The vocal tract and larynx

(Examples and exercises are at

1. The vocal tract

If the human head were to be cut in half down the midline, the organs of speech would appear like this. (Click on the MRI image to see a movie clip showing what it looks like during speech.)

Midsagittal section of head

Organs of speech

(Downloaded from

The lungs, which are in the chest, are connected to the tube which goes up to the vocal cords (the trachea or windpipe). Perhaps the most important organ of speech, the brain, is visible in the MRI image.

2. The larynx
larynx from front
Above: (i) External structure of the larynx, as viewed from the front. (ii) Coronal (vertical) section through the larynx, as viewed from the back.

The upper part of the interior of the larynx may be examined using various instruments, allowing us to obtain images such as the following. Viewed from above, with the vocal cords slightly apart, the upper part of the larynx appears like this:
labelled vocal cords

The space between the vocal cords is called the glottis. When the vocal cords vibrate, the resulting disturbance in the air imparts a "buzzing" quality to the speech, called voice or voicing . (Click on the above figure to see a short movie of the vocal cords during sustained production of an [ɑ]-like vowel. The movie was made using stroboscopic lighting, so the apparent rate of vibration is much slower than the real rate of vocal cord vibration.)

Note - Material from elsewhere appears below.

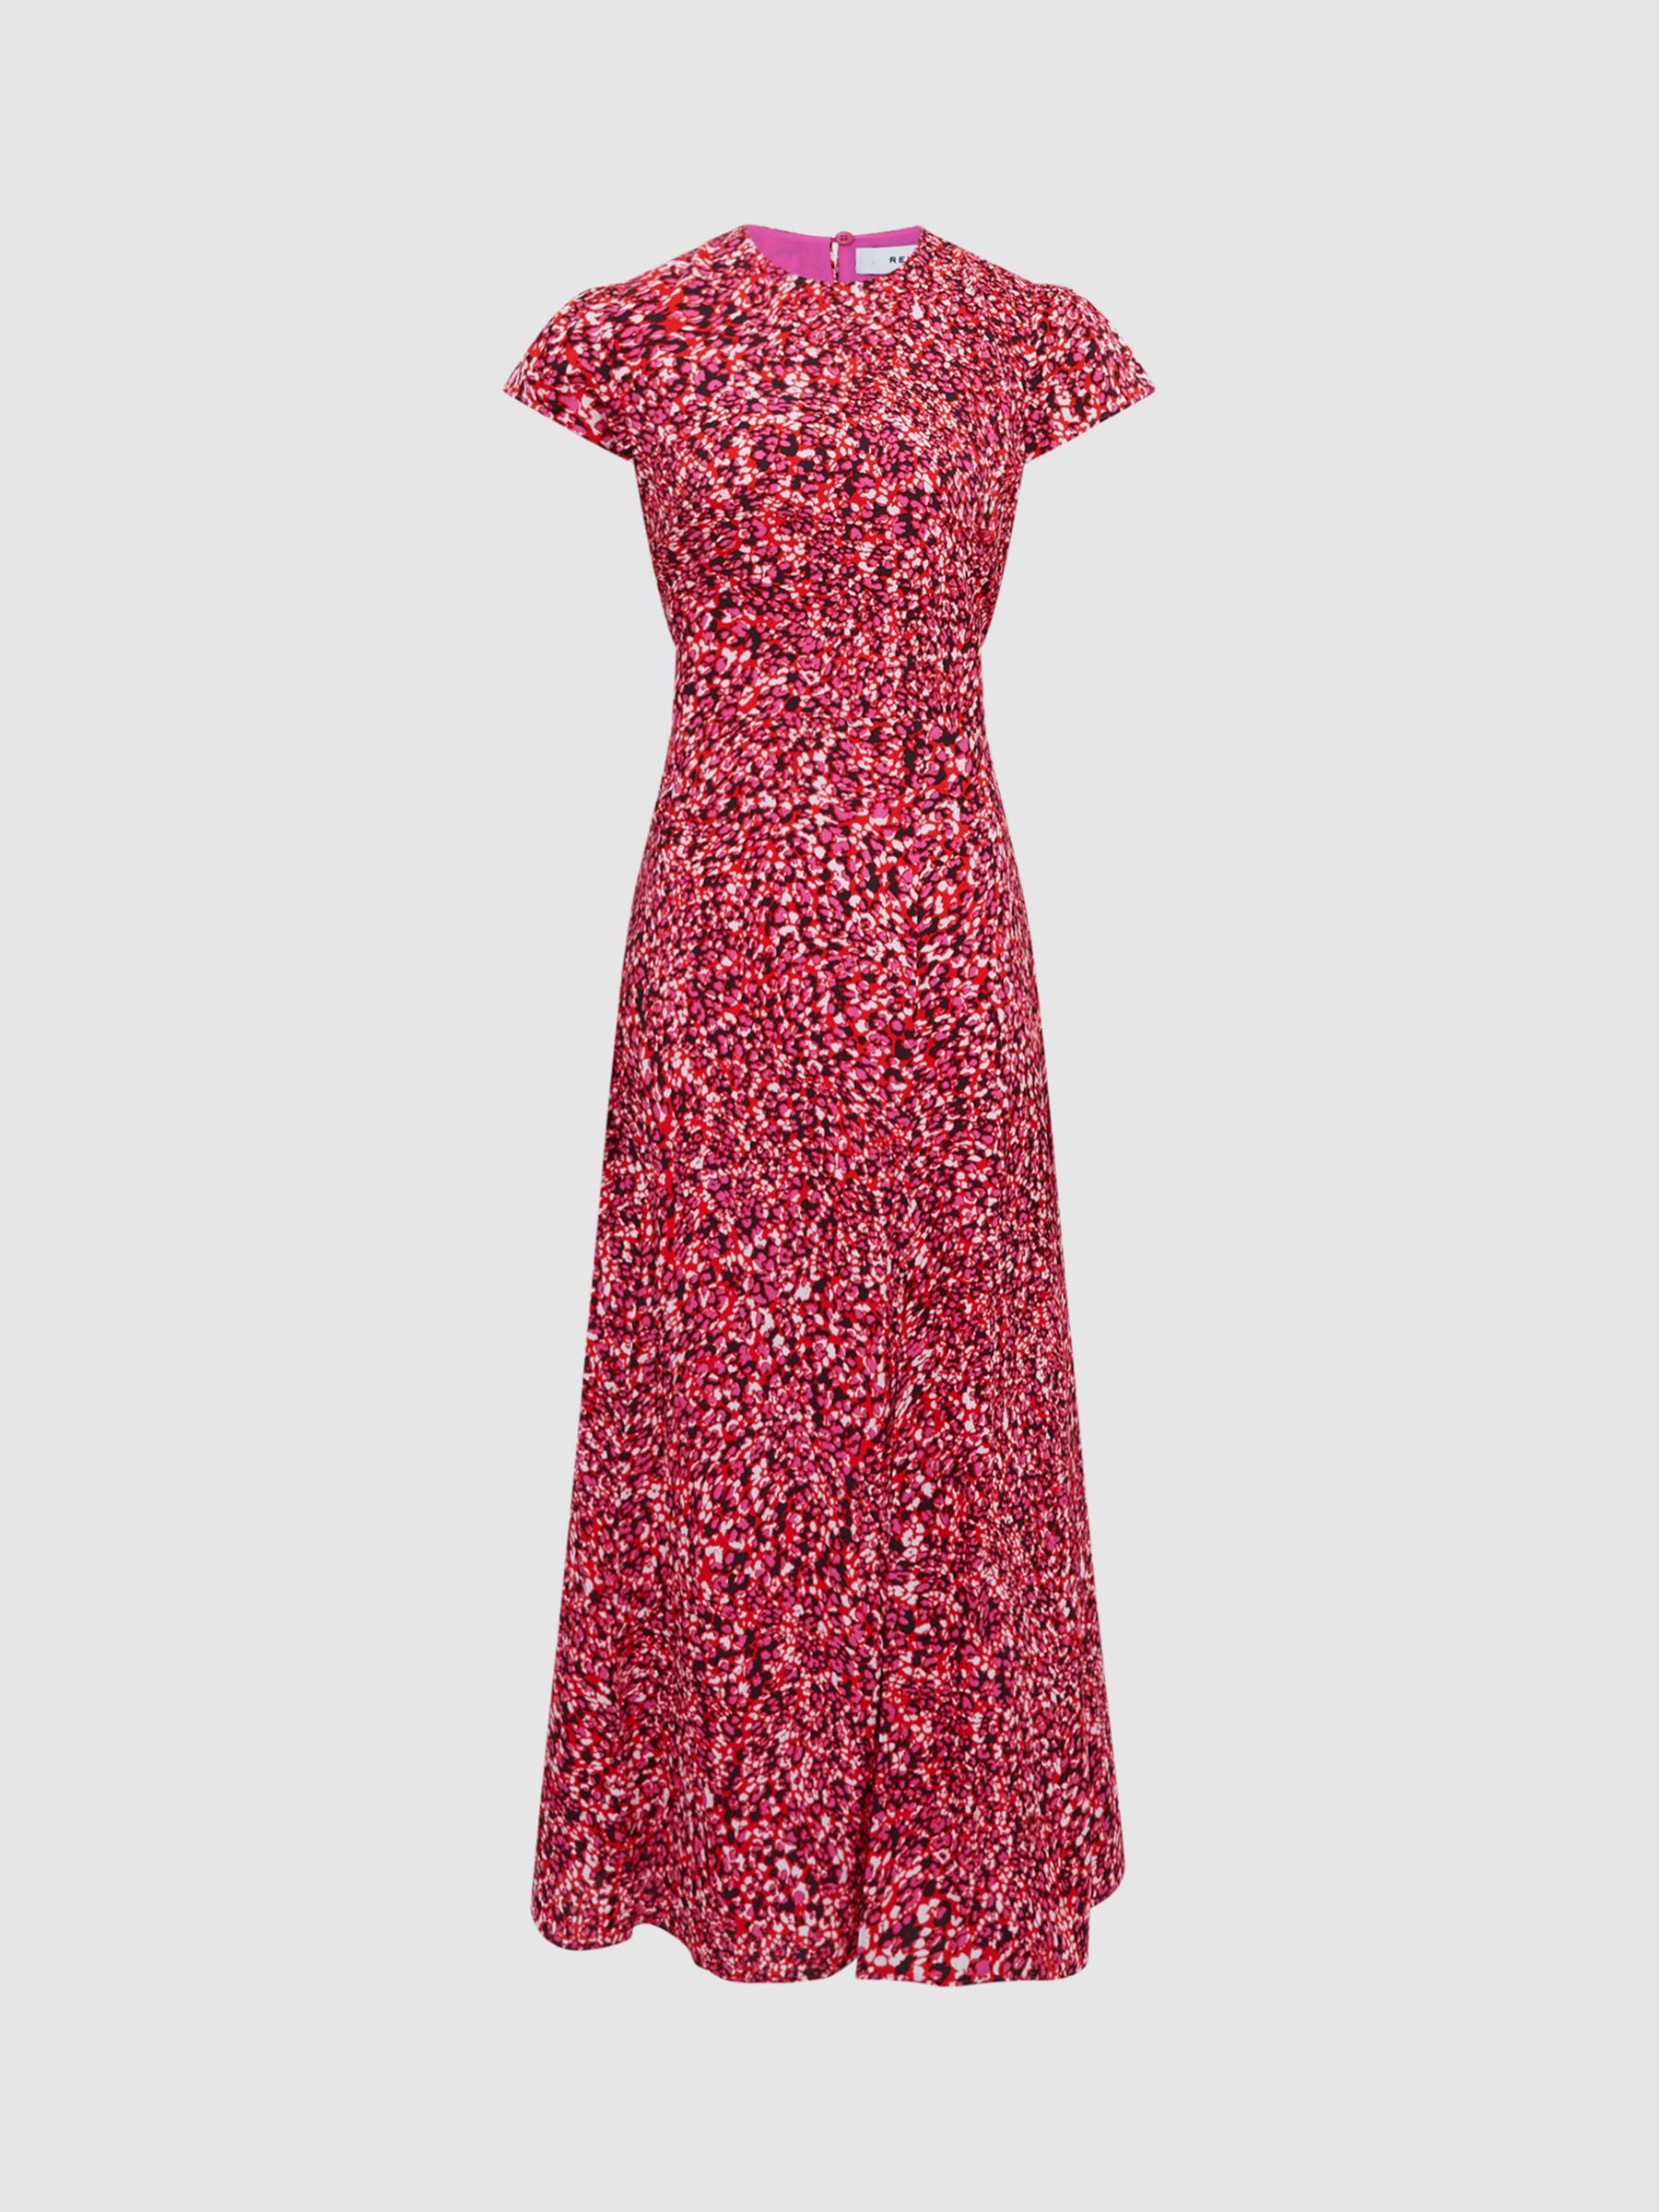 Reiss Livia Floral Midi Dress, Red/Multi, 6

(Left) With the vocal cords completely closed, as for a glottal stop [ʔ]: (Right) With the vocal cords wide open, as during quiet respiration preceding speech. (Note how the "bumps" of the arytenoid cartilages are held apart, making the tissue taut):
Cords closed Cords open

3. Phonation is the contribution the larynx makes to speech.

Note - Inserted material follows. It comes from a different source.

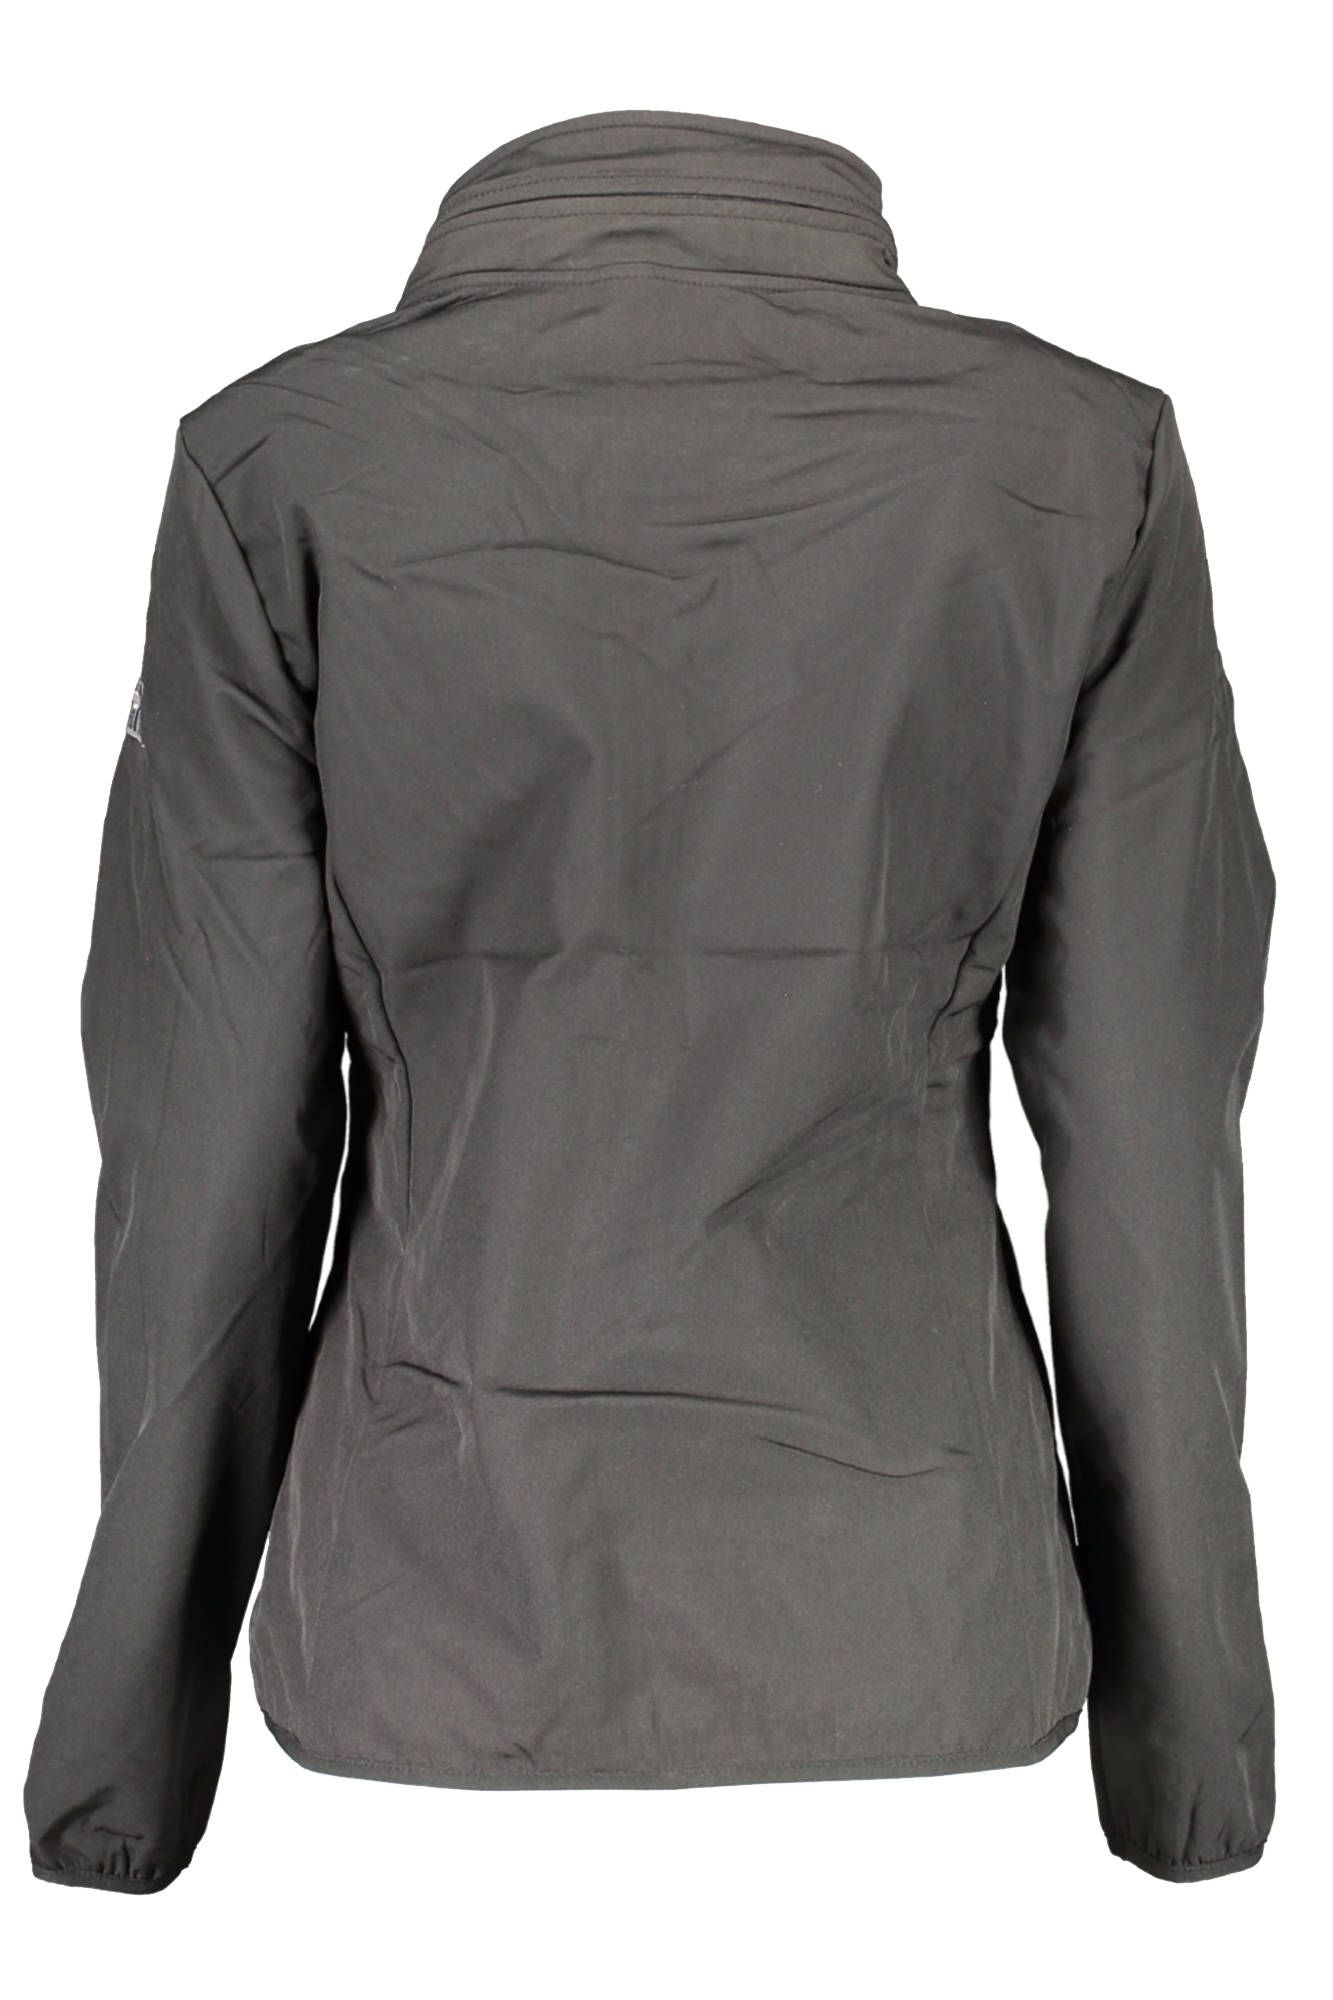 Sleek Black Sports Jacket with Removable Hood

The nature of voicing: the mucosal wave

For voiced sounds, the vocal cords are held together by the action of the arytenoid cartilages, but they are held together less tightly than for a glottal stop (1).
Mucosal wave

When air is forced up the trachea from the lungs, at a certain pressure it is able to force its way through the vocal cords, pushing them open (2, 3 and 4). As air passes through the glottis, the air pressure in the glottis falls, because when a gas or liquid runs through a constricted passage, its velocity increases (the Venturi tube effect). This increase in velocity results in a drop in pressure of that gas or liquid (the Bernouilli principle). Because of the drop in pressure, the vocal cords snap together, at the lower edge first, closing again (6-10). The cycle then begins again. A single cycle of opening and closing takes in the region of 1/100th second: therefore, the cycle repeats at rates in the region of 100 times per second (to be more specific, between about 80-200 cycles per second). This rate is too rapid for the human ear to be able to discriminate each individual opening/closing of the vocal cords. However, we perceive variations in the overall rate of vibration as changes in the pitch of the voice, "pitch" being the perceptual correlate of acoustic frequency.

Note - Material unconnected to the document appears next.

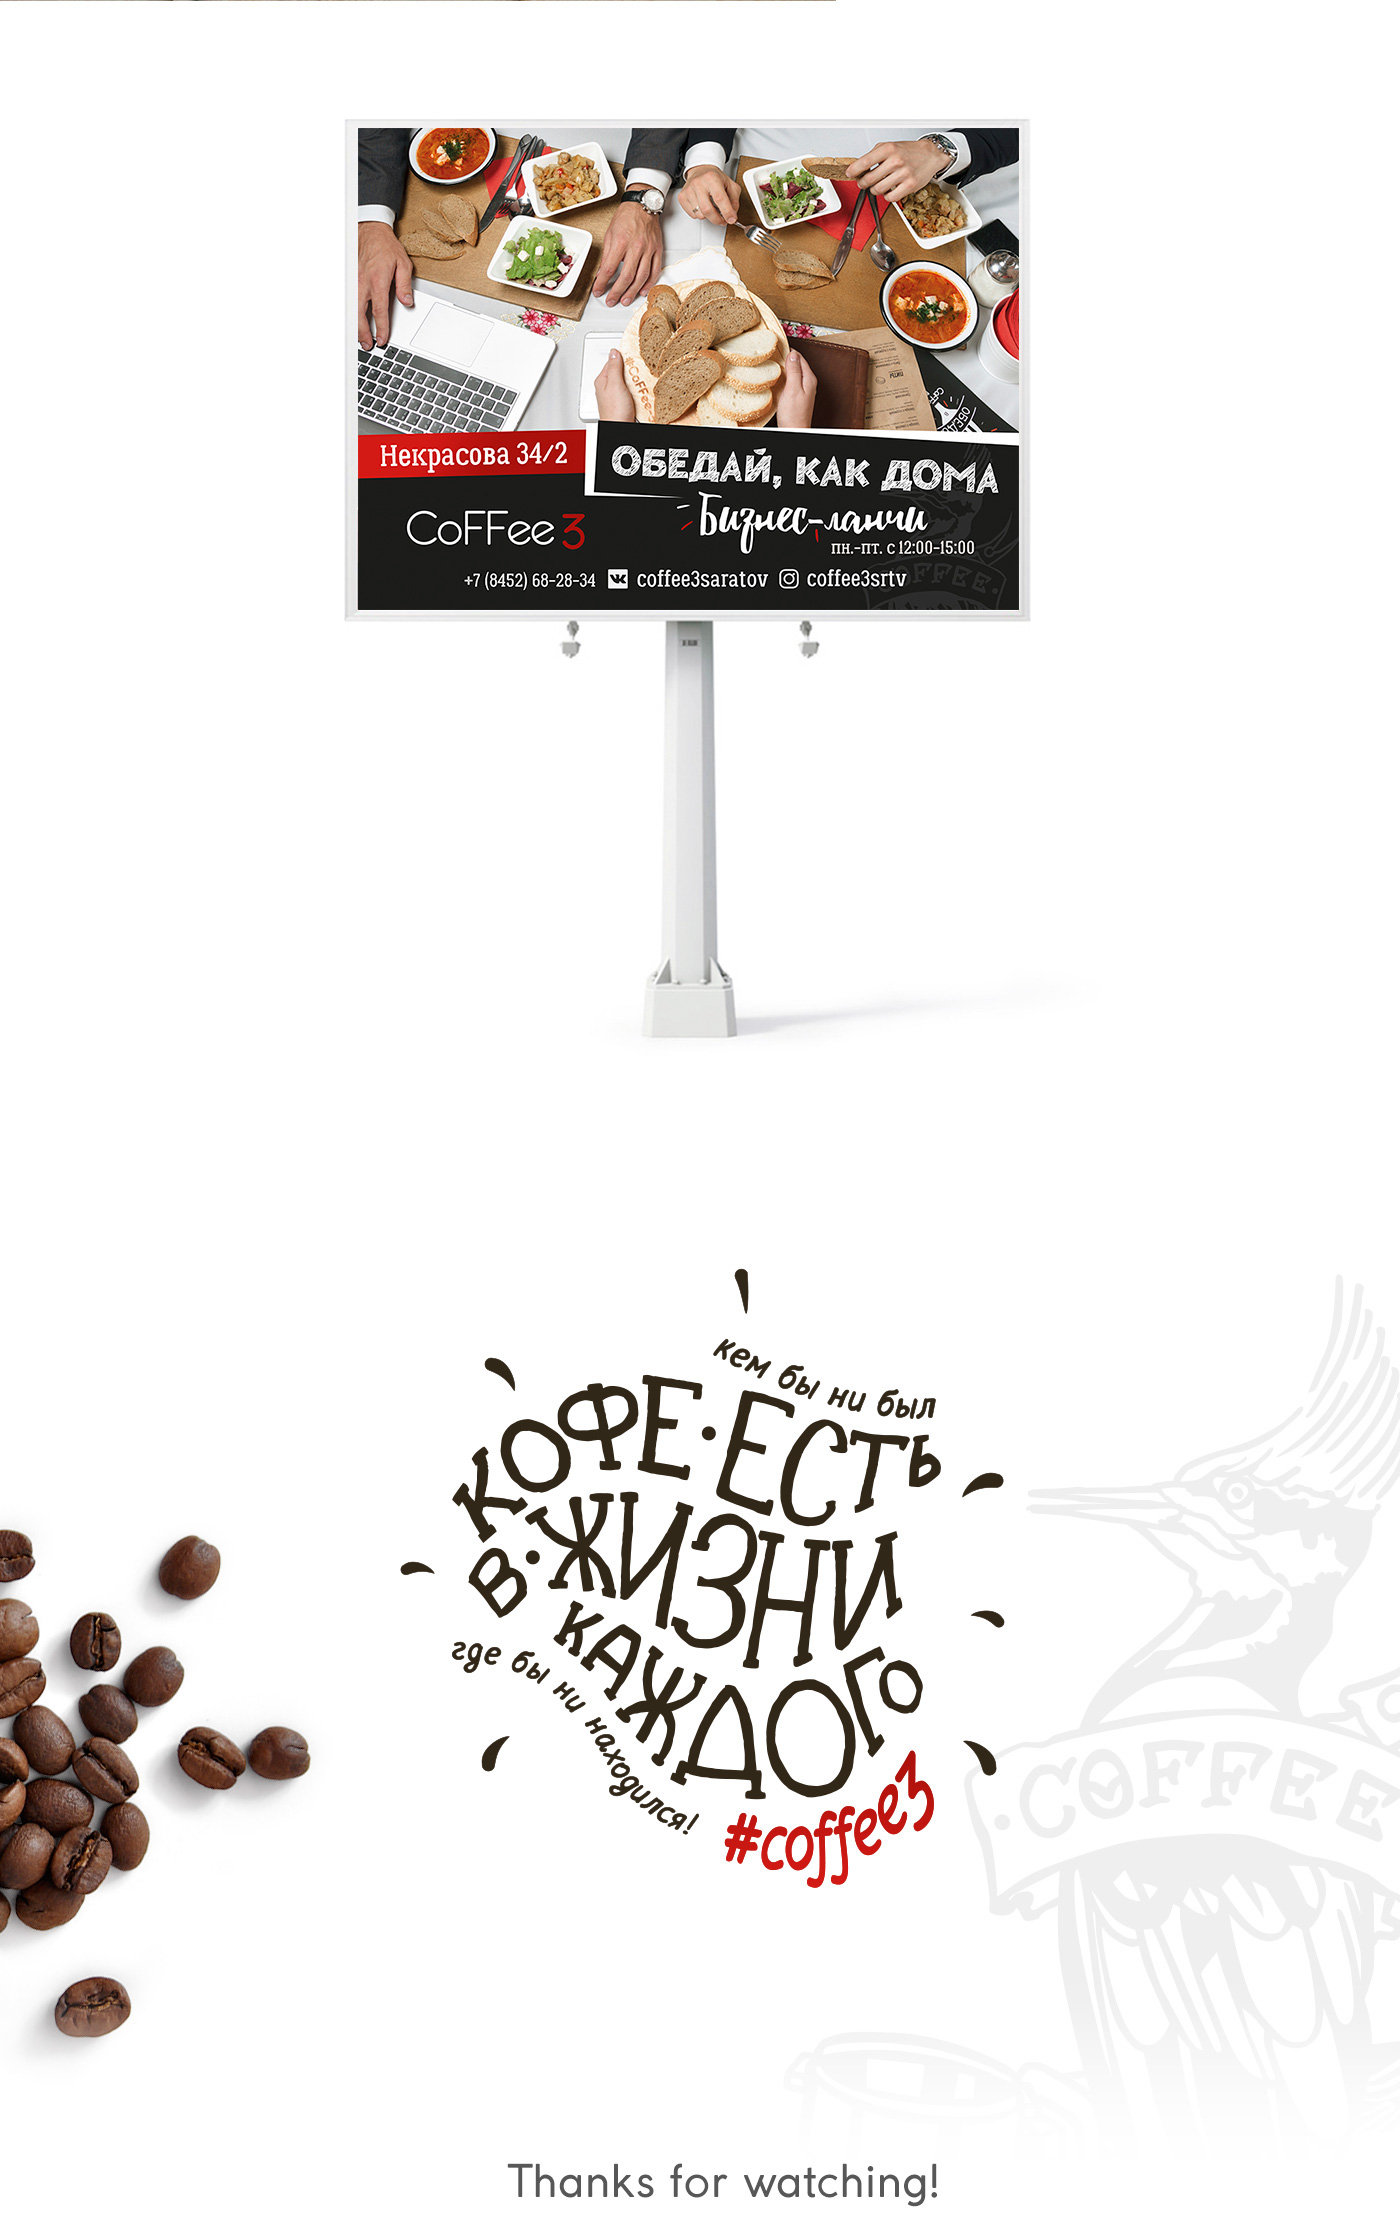 Coffee coffeeshop branding

If the vocal cords are held apart, air can flow between them without being obstructed, so that no noise is produced by the larynx. In voiceless fricatives such as [f], [s], [ʃ], [ʂ], [θ ], [ç], [x], and [ χ], the vocal cords are held apart. If there is a sufficiently high rate of airflow through the open glottis, a quiet disruption of the air, whisper , results. The glottal fricative [h] has whisper phonation, as do whispered vowels, and the aspiration portion of voiceless aspirated stops such as English /p/, /t/, or /k/ in pre-vocalic position. The IPA diacritic [° ], written below a symbol, indicates such voicelessness. Voiceless vowels, nasals and liquids can be transcribed using that diacritic. For stops and fricatives, on the other hand, there are separate letters for voiced and voiceless sounds, e.g. [b] (voiced) vs. [p]. In these cases, the voicelessness diacritic can be used to denote a (possibly partially) devoiced realisation of a phoneme that might otherwise be expected to be voiced, such as the pronunciation of the / ɹ/ in /tɹeIn/, "train", in which the /ɹ/ may be devoiced due to its following a voiceless, aspirated /t/.

Breathy voice, or murmur

This phonation is a combination of breath and voice, which occurs if the vocal cords do not close completely along their entire length while they are vibrating, the air which flows through the remaining aperture adds whisper to the vocal cord vibrations.

Creaky voice, or creak. In this kind of voicing, the vocal cords are stiffened, so that they are very rigid as they vibrate.